You can start from the Tuolumne Campground, the Tuolumne Wilderness Office, Tuolumne Meadows Lodge or the Dog Lake parking lot, depending. All of these are roughly the same distance, but it's probably easiest to just park at the Wilderness Office, get your permit and start walking. Please note that this is a quota trail and there is no camping in the first four miles, so you don't want to start too late in the day.
You start out along the Dana Fork of the Tuolumne River, crossing that in about a half mile. It's about another .75 miles to the Twin Bridges over the Lyell Fork of the Tuolumne River. Here you meet the John Muir Trail proper, which is also the trail from the campground. The Twin Bridges area is a gorgeous site — nice meadows, gracefully formed granite cascades and views off to Mammoth Peak — and worth a quick walk in and of itself if you are just spending the night in Tuolumne.
In another half mile, you come to a trail junction. The righthand branch takes you up Rafferty Creek to Vogelsang High Sierra Camp in 5.7 miles. Our hike stays left on relatively flat ground that alternates pleasantly between lodgepole forest and meadows. You'll eventually arrive back at the Lyell Fork and soon find meadows, shade trees and rock bluffs that all call for a break. At the first small outcrop, one day I saw a man fly fishing off the outcrop, hikers having lunch, a man with a hammock strung between two trees, and some folks dipping their feet in the creek.

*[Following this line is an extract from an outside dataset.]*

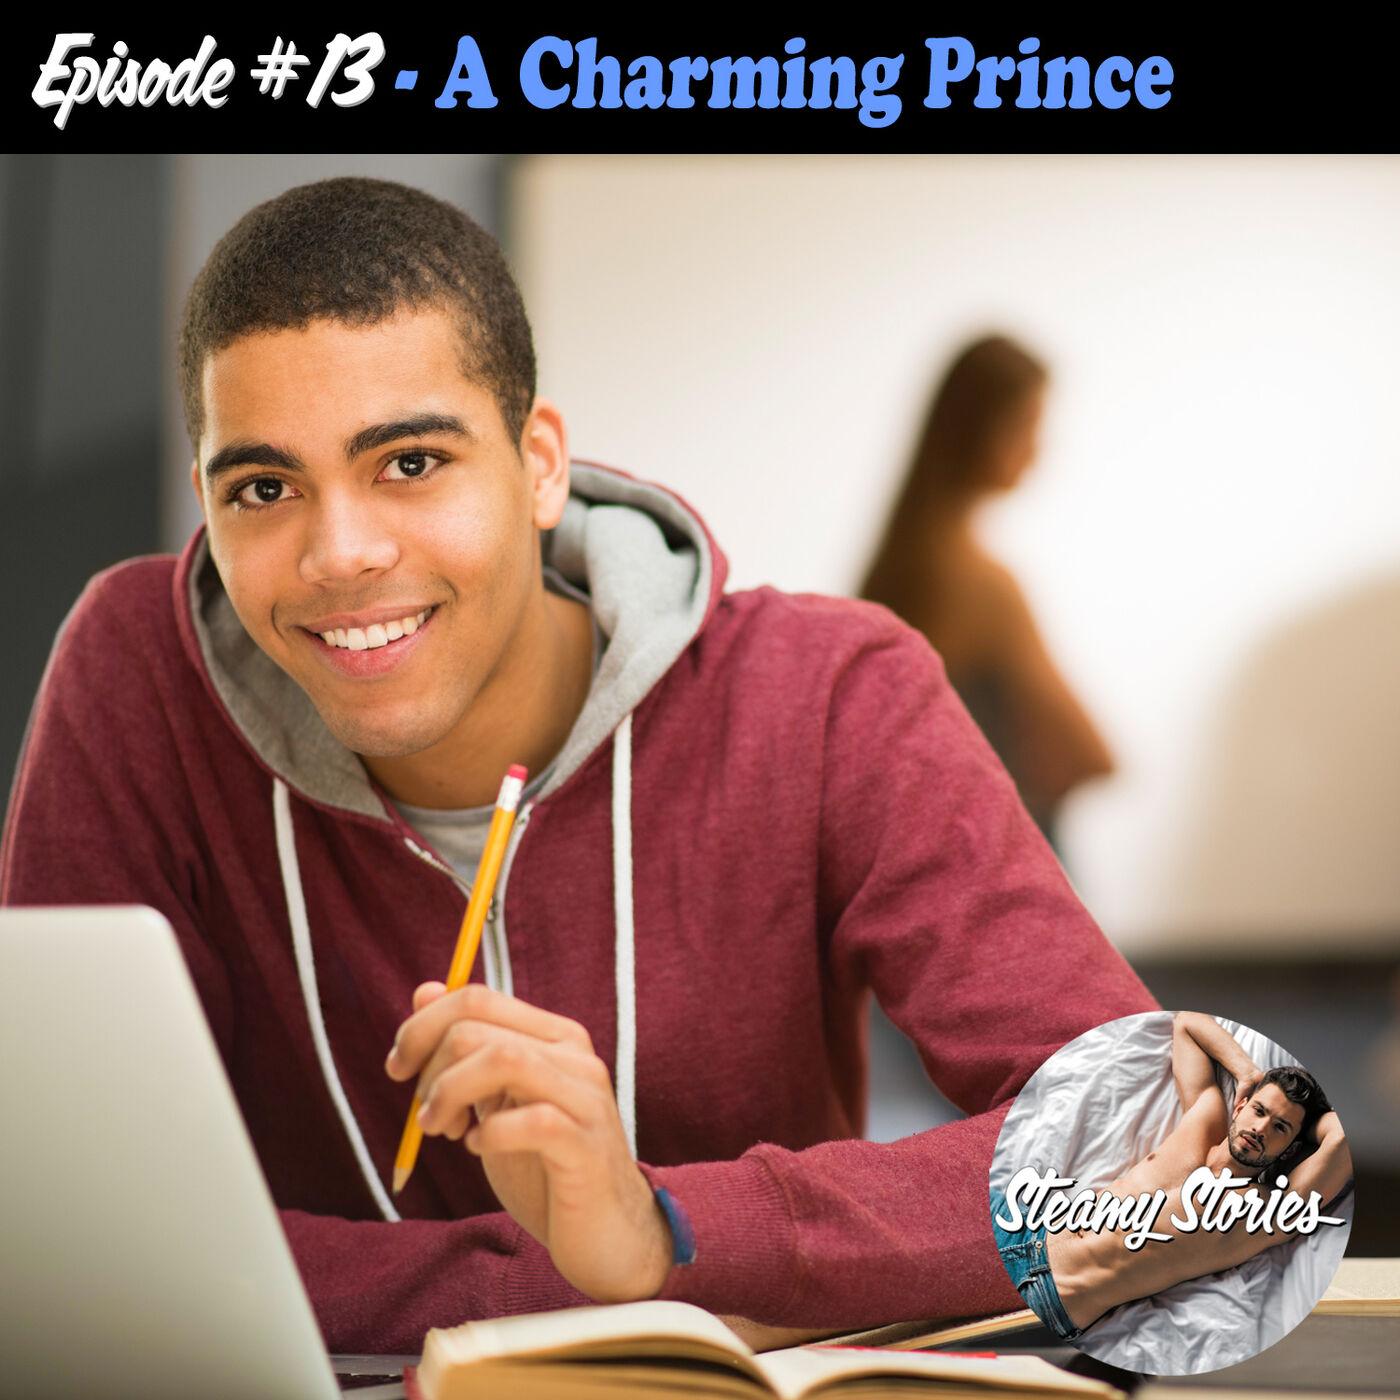 13. A Charming Prince

All in all, it's a shame to move too quickly through here.
You are now in the large meadow created by the Lyell Fork basin. Across the creek is the Kuna Crest and on trail side, Potter's Point looms ahead. You will leave the river and then rejoin it again. A little further on you are out of the no camping zone and there are lots of established campsites in the small groves just up and right from the trail.

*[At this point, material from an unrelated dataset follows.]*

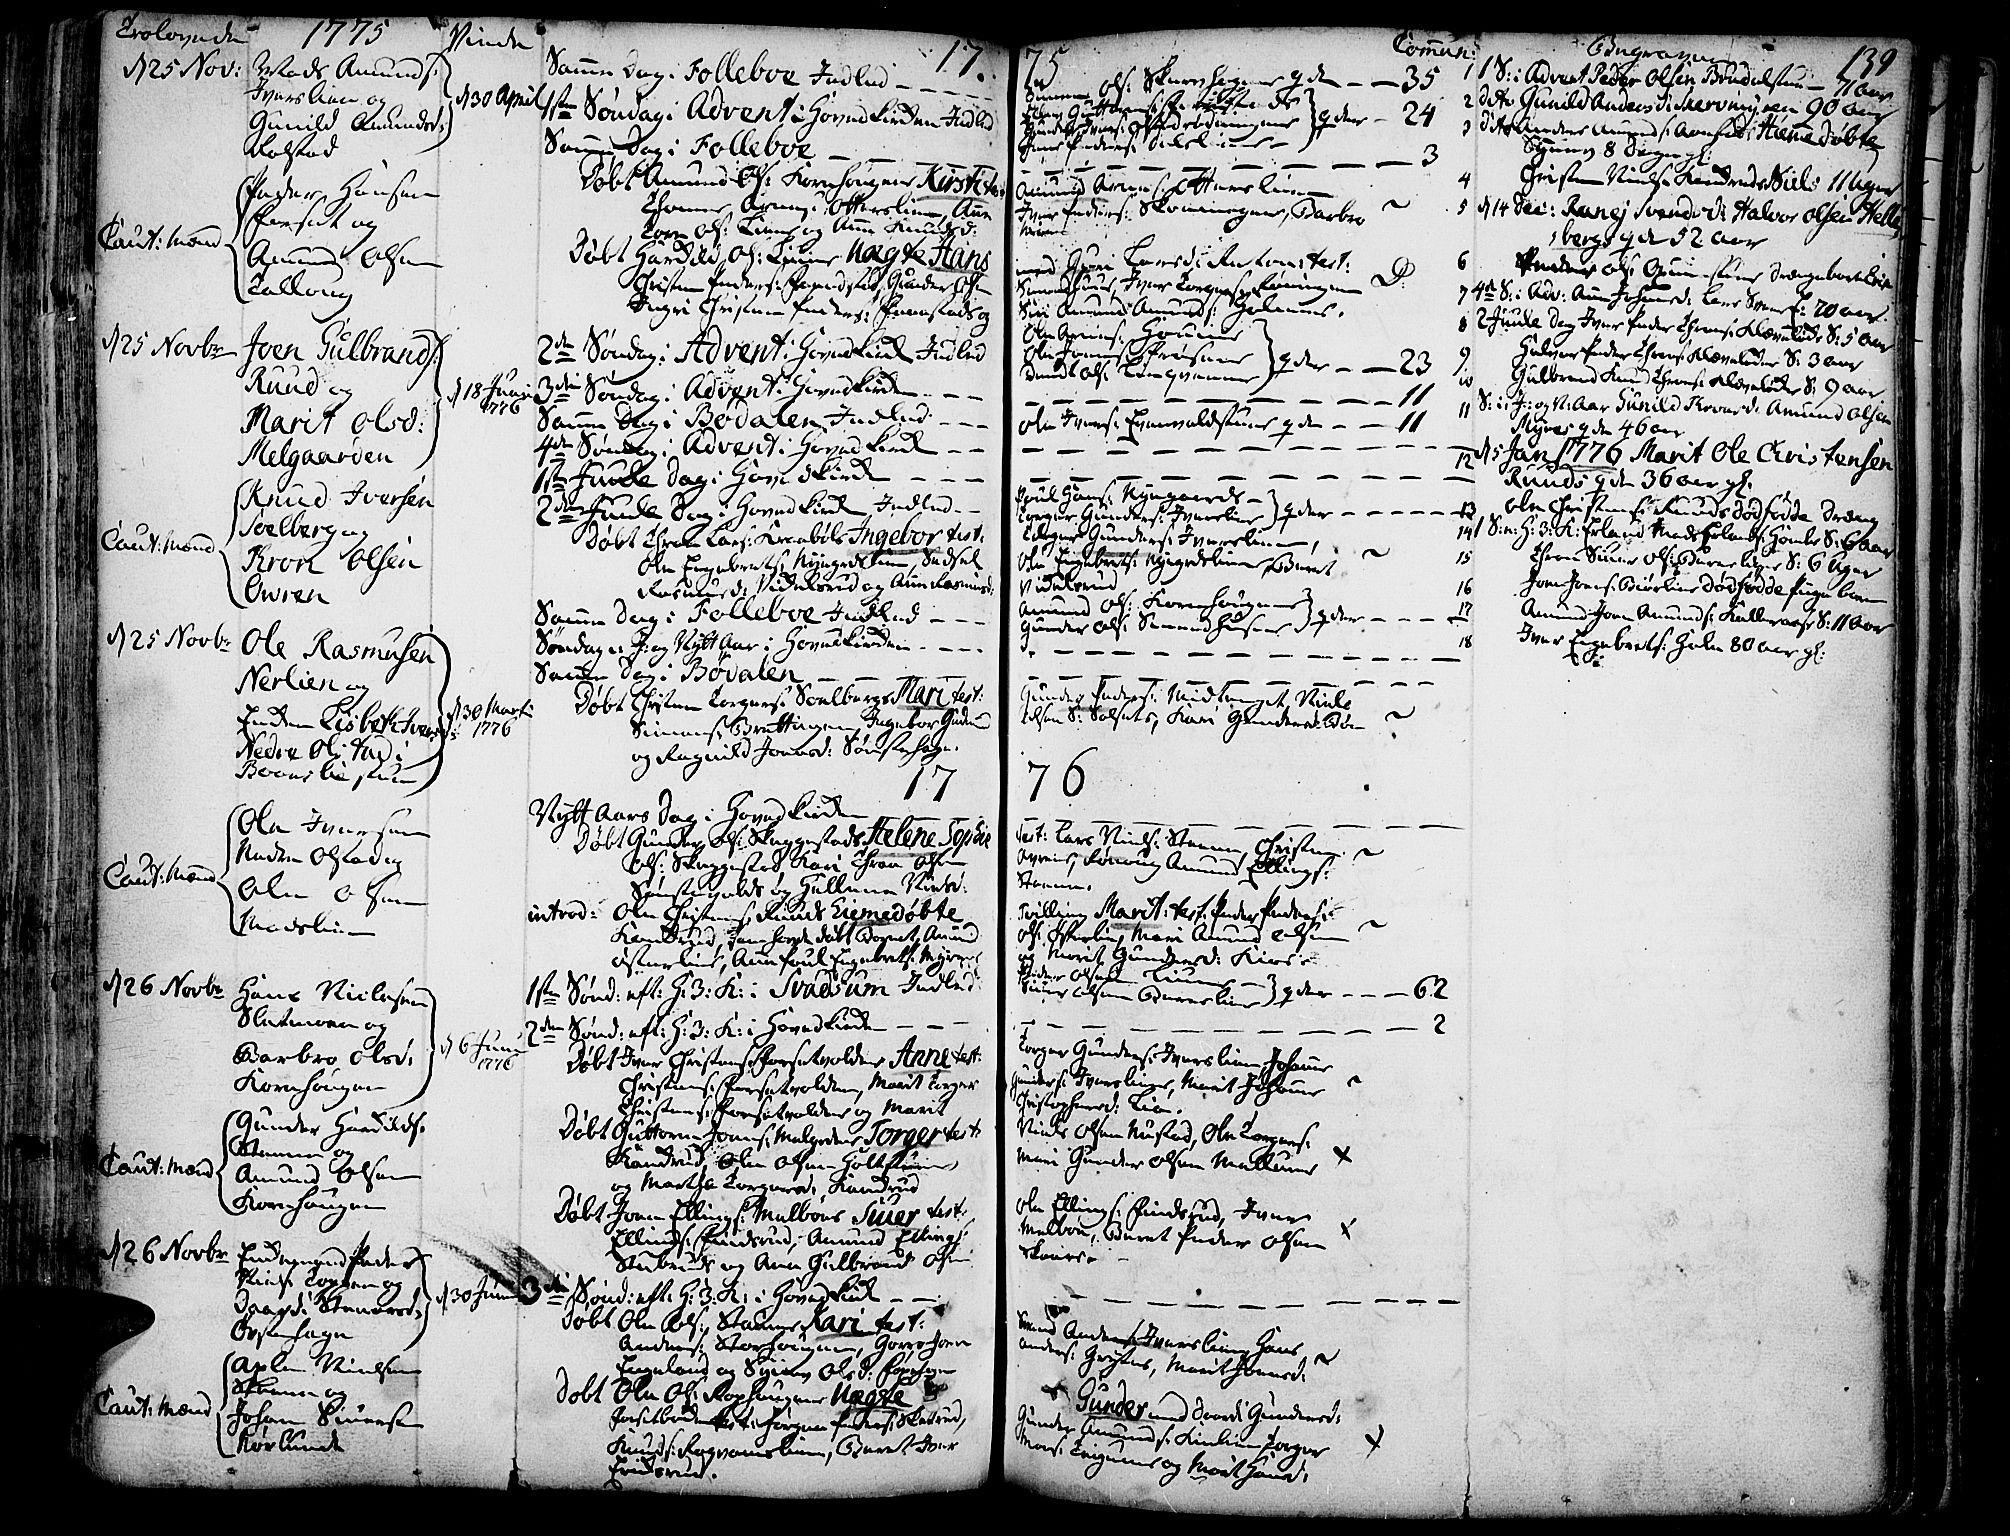 SAH, Gausdal prestekontor, Ministerialbok nr. 3, 1758-1809, s. 139

About six miles from the start (4.2 miles from the last junction), you reach the Ireland Lake Trail, which takes you to Ireland Lake, of course (4.3 miles), but also to Vogelsang High Sierra Camp in 6.3 miles. So if you wanted a nice loop, you could head to Vogelsang that way and then end up back at the previous junction on your return trip. Above you, Potter's Point provides a handy mileage marker reference point for the remaining miles in the canyon.
In another three miles or so, you reach the head of the canyon, where Kuna Creek comes cascading impressively down the mountainside. The next good campsites are a ways up, so if darkness or fatigue are coming on, this is a good place to stop. That said, you never go too far between camping opportunities and water is common along the trail.

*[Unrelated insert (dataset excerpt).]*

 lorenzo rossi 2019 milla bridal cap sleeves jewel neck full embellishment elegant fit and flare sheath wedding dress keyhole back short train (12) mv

From the head of the canyon, you enter steeper, more forested terrain with white heather giving way to mountain heather and, eventually, lodgepole pine giving way to whitebark pine. About 1.5 miles on, you come to a crossing of the Lyell Fork, now a relatively small stream, but fresh from the glacier and bracingly cold. You now wend your way up steep slopes for another half mile, emergine at about 10,500 feet with nice views of Mount Lyell. Where the trail takes a horseshoe bend at the crest and head down to cross the stream and then up and over Donahue Pass, summit-bound hikers leave the trail and start up the shallow canyon straight towards Mount Lyell. The rocky subsidiary peak you see between you and the summit looms at aobut 12,400 and is a good measuring post for your progress. Easiest is to work your way up and right around the foot of that peak, passing it on your left. From there you can either kick your way up the steep snow slopes on the north flank of Lyell or wind your way around to the southeast flank and scramble up easy third class terrain to the summit. The northern snow slopes are more spectacular and more amenable to taking in Lyell and Maclure in one outing, but also more difficult and dangerous.
The summit of Lyell can have incredible displays of Sky Pilots (Polemonium eximium) if you get lucky with your timing. In mid-July we saw thousands of American Lady butterflies pollinating the Sky Pilots and being in turn eaten by a bird that we didn't get a great look at.
In any case, it will have excellent views of its neighbors, Maclure (12,880), Mount Florence (12,561), Rodgers Peak (12,978) and further peaks like Banner (12,945) and Ritter (13,140). You can also see all the way over to the Buena Vista Crest and Horse Ridge above the Ostrander Ski Hut.
From here you simply trace your steps back down. If you came up the snow slope and are travelling light (i.e. without ice axe and crampons), you will likely find it more comfortable and quicker scrambling down the rocks heading towards Rodgers (SE ridge). Of course, if the snwo slope is not suncupped and you have an axe and are ready to glissade, nothing's faster that going down a nice snow slope. Typically, however, by the time the highway and the trail are snow-free, everything will be suncupped and not a very fun glissade.